Finding two tangential intersection points of an order four polynomial and a circle

43 Views Asked by At

I have two equations:

(1) $y=0$ and (2) $x^2 + y^2 = 2^2$

I also have another equation: (3) $x^4 + (y-a)^4 = b^4$

$a$ and $b$ are chosen such that (3) intersects with (1) at $x=y=0$ and intersects with (2) at exactly two points and at these points (2) and (3) are tangential . I do not know how to approach finding these two points.

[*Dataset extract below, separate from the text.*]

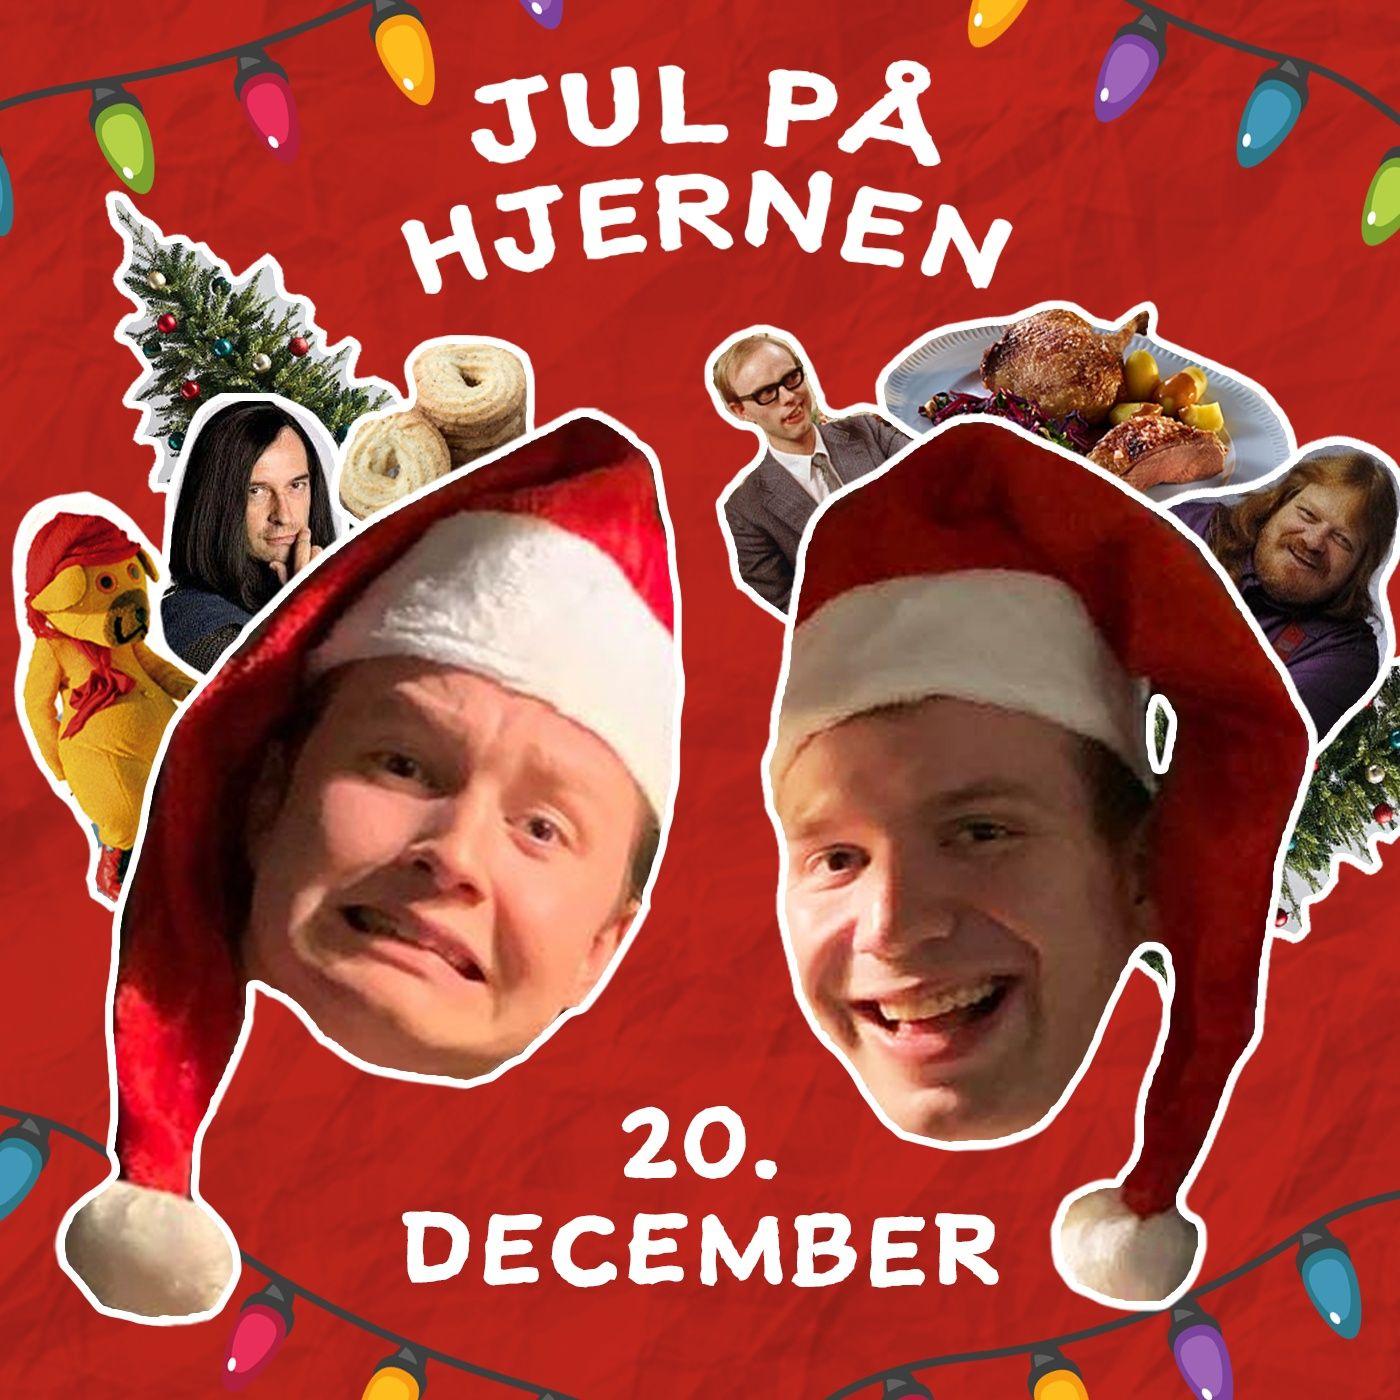 20 December - Jul på hjernen

Can someone please give me a clue how to get started?

Image of my problem

1

There are 1 best solutions below

0
On BEST ANSWER

If (3) intersects (1) at $x=y=0$, that says $a^4 = b^4$. Since this is "geometry", I'm assuming $a$ and $b$ are real, so either $a=b$ or $a=-b$. Since (3) is unchanged by replacing $b$ by $-b$, I'll assume $a=b$.

The resultant of $x^2 + y^2 - 2^2$ and $x^4 + (y-b)^4 - b^4$ with respect to $y$ is $$(16 -4 b^3 y + (6 b^2-8) y^2 - 4 b y^3 + 2 y^4 )^2$$ Thus an intersection of (2) and (3) has $y$ satisfying $g(y) = 16 -4 b^3 y + (6 b^2-8) y^2 - 4 b y^3 + 2 y^4 = 0$. Each $y$ satisfying this will correspond to two points $(x,y)$ and $(-x,y)$. In order for the two curves to be tangential, the discriminant of $g(y)$ must be $0$. That will give you a polynomial in $b$ of degree $12$ (but even, so of degree $6$ in $b^2$), which has two real roots: approximately $b = \pm 0.9720586597$. This sextic has Galois group $S_6$, so no solutions in radicals.